CTCF function can be regulated by post-translational modifications such as phosphorylation and poly(ADP-ribosyl)ation (PARylation). The poly(ADP-ribose) (PAR) mark, in particular, has been ChIPed at >100 insulator sequences genome-wide and specifically detected at the CTCF-bound maternal H19 ICR (Yu et al., 2004). General inhibition of PAR polymerases (PARPs) results in abrogation of CTCF-mediated insulation by the H19/Igf2 ICR in EB transgene assays, as well as de-repression of maternal Igf2 without changing CTCF binding. Importantly, this trend was recapitulated in a library of EB transgenes representing >100 candidate mouse insulator sequences, implying a more general genome-wide role for CTCF PARylation in functional insulation. The observation that PARP inhibition did not alter CTCF occupancy together with the known role for CTCF-based loops at the H19/Igf2 ICR led to the suggestion that PAR modification may stabilize CTCF-mediated chromatin contacts. It is unclear why general PARP inhibition does not abrogate binding at its cognate CpG-consensus binding sites within the H19/Igf2 ICR, particularly in light of the observation that PARP-1 is essential to maintain DNA hypomethylation in vivo (Guastafierro et al., 2008). Similarly, phosphorylation within a highly conserved, four serine residue motif in the C-terminus markedly influences reporter gene expression without altering DNA binding activity, indicating that this post-translational modification may also regulate CTCF-homodimerization or association with different binding partners during development (Klenova et al., 2001).

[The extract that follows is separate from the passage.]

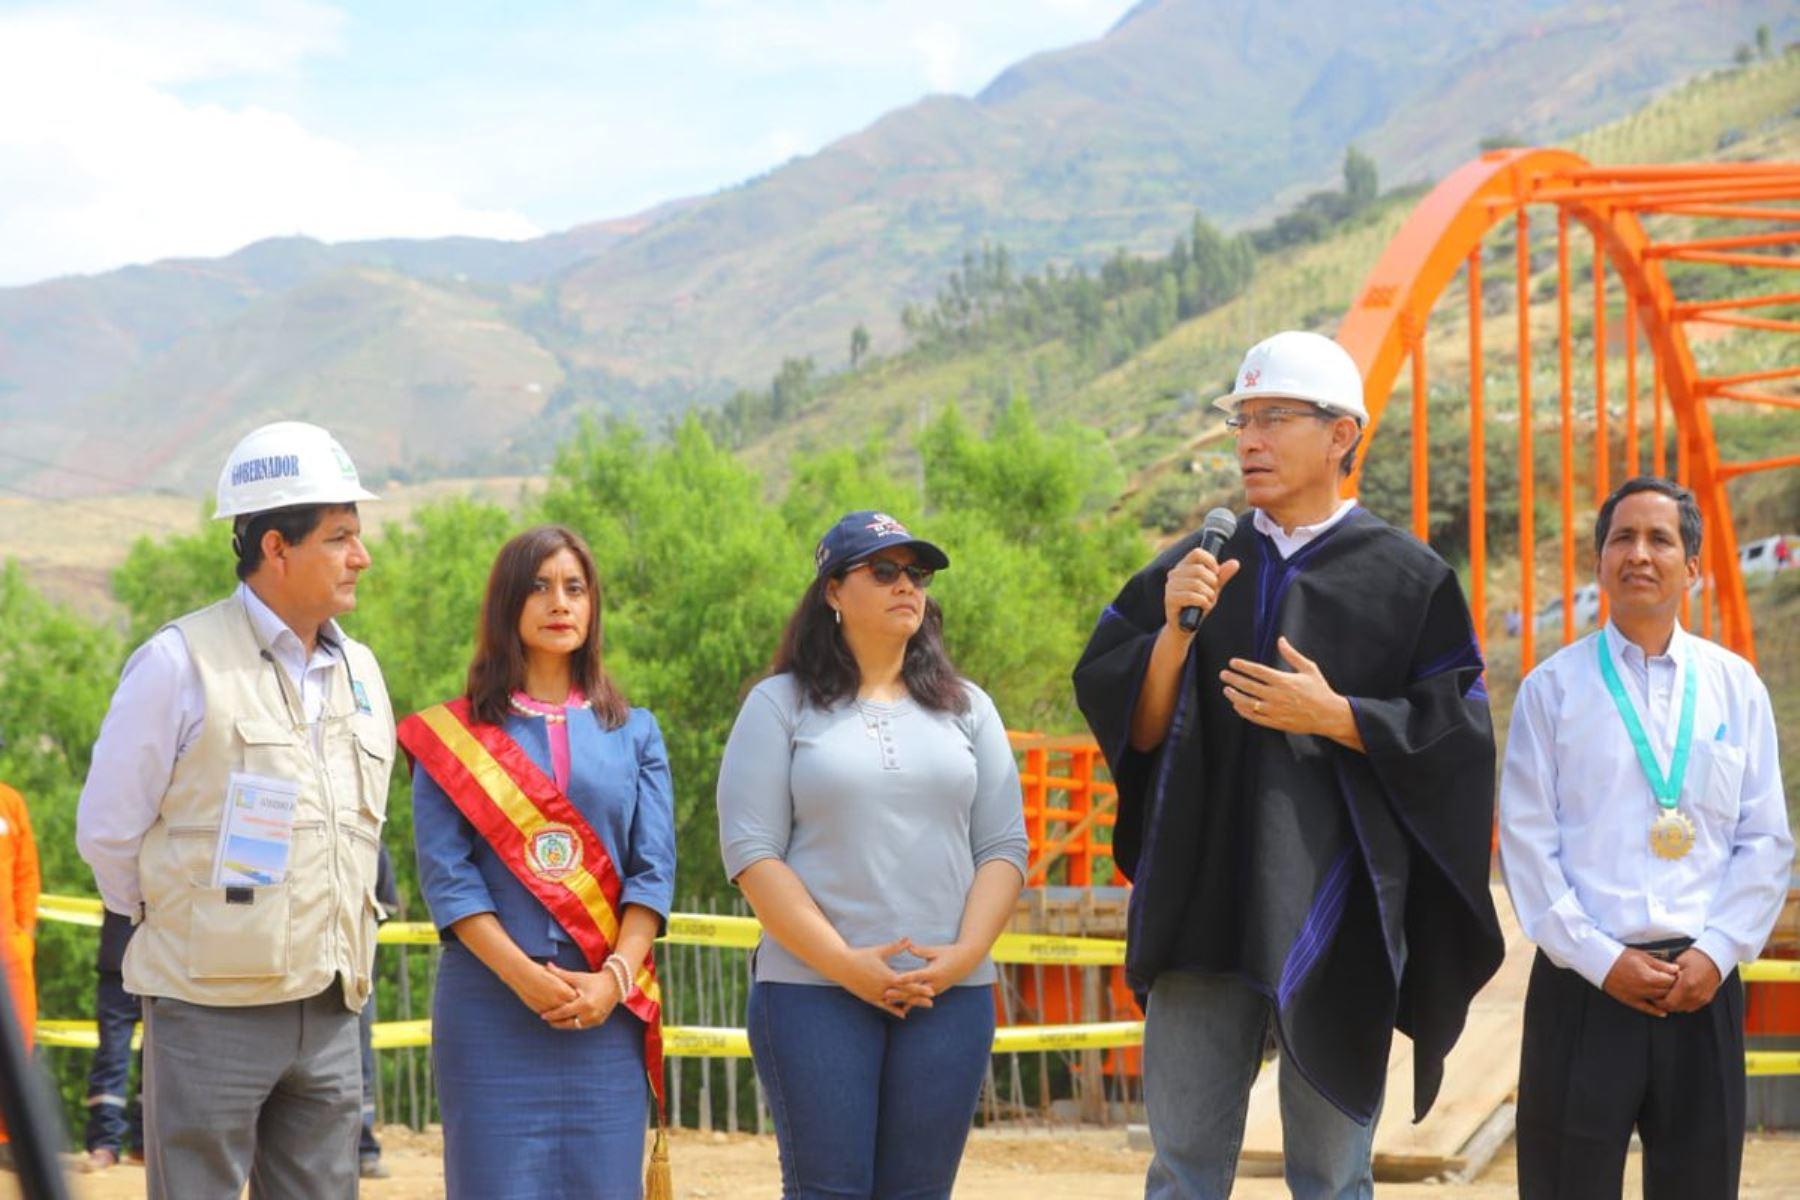 Presidente de la República, Martín Vizcarra, inspecciona construcción del puente Santa María del Valle y el mejoramiento vial en Huánuco. ANDINA/Prensa Presidencia

Numerous potential CTCF binding partners have been reported ((Filippova, 2008; Wallace and Felsenfeld, 2007)). For brevity’s sake, we focus on the considerably smaller subset of proteins that have been detected in vivo via ChIP at functional mammalian insulator sequences linked to chromatin loop formation. Among this list, the PcG repressor Suz12 is interesting because recruitment to the maternal Igf2 promoter requires CTCF binding to the H19/Igf2 ICR 90kb downstream (discussed above). Another factor, the SNF2-like chromodomain helicase protein (CHD8), has been detected at several insulator sites, including two (H19/Igf2 ICR and β-globin 5′HS5) with a direct role in CTCF-mediated intrachromosomal contacts (Ishihara et al., 2006). RNAi-mediated knockdown of CHD8 abrogates insulator activity of the H19/Igf2 ICR in both EB transgene assays and on the endogenous maternal allele without disrupting CTCF binding. A functional link between the known role for CHD8 in chromatin remodeling and its putative recruitment to and/or involvement in CTCF-mediated chromatin loops has not yet been established. Finally, recent ChIP-chip analysis of a representative sample of ~250 CTCF binding sites identifies a particularly small subset (<5%), including the H19/Igf2 ICR, associated with RNA Pol II (Chernukhin et al., 2007). Although direct Pol II recruitment to CTCF cannot be ruled out, an alternative interpretation is that these interactions (shown to be biochemically weak in vitro) are merely a consequence of the ability of CTCF loops to physically block a tracking polymerase.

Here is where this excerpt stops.